Echter, Yachen Gar is een onderwerp van discussie voor de Chinese autoriteiten, als gevolg van de uitbreiding van de Tibetaanse boeddhistische invloed die mensen uit verschillende delen van de wereld aantrekt. In 2001 werden onder regie van de CCP veel woningen van nonnen en monniken gesloopt. Dat werd herhaald In 2017. En nu, met de regering van de Xi Jinping, heeft de staat een beleid om religies te integreren in de Chinese “socialistische” kenmerken.
Maar in werkelijkheid is het beleid van Xi Jinping erop gericht het Tibetaans boeddhisme in het kader van een monolithisch Chinees staatsdiscours te verminderen en de invloed van de CCP (in Tibet) te vergroten. In wezen is het een vorm van vervolging van Tibetaanse monniken en nonnen, die zich al in de periferie van het Chinese staatsapparaat bevinden. En Tibetaanse nonnen en monniken in Yachen Gar worden gezien als de bewakers van het Tibetaans boeddhisme en vormen een bedreiging voor het beleid van de staat.
In mei 2019 zijn 3.500 mensen gedwongen uitgezet en vanaf 16 juli zijn dat er nu 7.100, met de verdrijving van nog eens 3.600 monniken en nonnen uit het boeddhistisch centrum Yken.

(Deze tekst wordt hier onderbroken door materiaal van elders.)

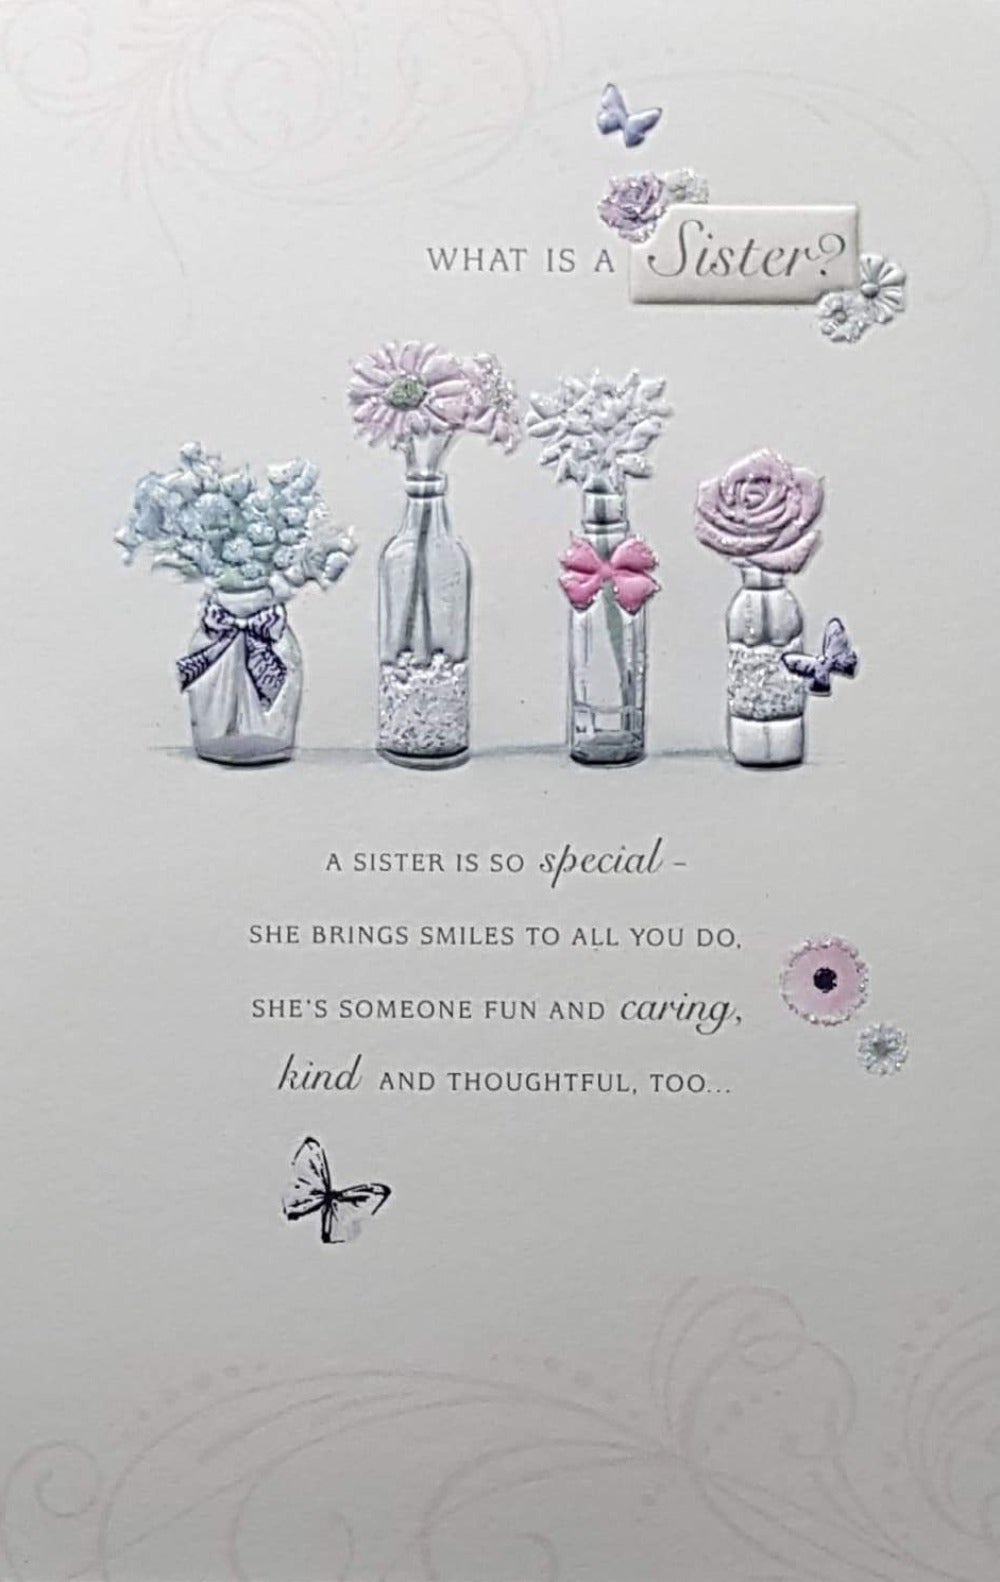 Birthday Card - Sister / 'Caring Kind Thoughtful' & Flower Vases

De verdrevenen worden vervolgens twee tot drie maanden vastgehouden in detentiecentra. De gedetineerde nonnen wordt bevolen hun pijen uit te trekken en militaire uniformen te dragen en socialistische liederen te zingen en de CCP te prijzen.
In de detentiecentra worden nonnen het slachtoffer van seksueel geweld. Volgens een rapport van het Tibetaans Centrum voor Mensenrechten en Democratie, waarin een Tibetaanse monnik wordt geciteerd, werden de nonnen gedwongen om hun militaire uniformen zelf te betalen. In het rapport staat ook dat monniken en nonnen zonder enige vorm van proces en zonder enige vorm van misdaad naar de gevangenis zijn gestuurd. Een van de meest afschuwelijke aspecten van de mensenrechtenschendingen van de CCP is het gendergerelateerd geweld waaraan nonnen in de detentiecentra worden blootgesteld. Deze nonnen, die het recht wordt ontzegd om hun monastieke opvoeding voort te zetten, worden ook routinematig het slachtoffer van fysiek en seksueel geweld. Het wordt voor deze nonnen ook uiterst moeilijk om een rechtsmiddel in te stellen wanneer de wetshandhavers van de CCP zelf medeplichtig zijn aan het plegen van door de staat gesanctioneerd geweld tegen hen. Het seksueel misbruik van de Tibetaans boeddhistische nonnen door de CCP-officieren kan worden gezien als de (atheïstische) poging van de CCP om het boeddhisme te ondermijnen door in te gaan tegen de vaste principes van haar filosofie en de Chinese hegemonie op te leggen op alle vormen van het Tibetaans leven.
Men vraagt zich af wat er met de monniken en nonnen van Yachen Gar is gebeurd na hun uitzetting. Hoe kunnen zij, als zij gedwongen worden zich in militaire kleding te steken en hun monastieke leven niet meer mogen voortzetten, hun aspiraties om het leven te vervolgen dat zij willen, waarmaken? Aangezien de meeste van deze monniken en nonnen niet over de vaardigheden van leken zullen beschikken om zichzelf te onderhouden, hoe zullen zij door het leven navigeren of in hun levensonderhoud voorzien? Hoe zit het met hun fundamentele menselijke waardigheid? Of hun vrijheid? Hoe zullen ze herstellen van het fysieke en mentale geweld en de pijn die ze in de detentiekampen hebben doorstaan, als ze geen toegang krijgen tot de gezondheidszorg?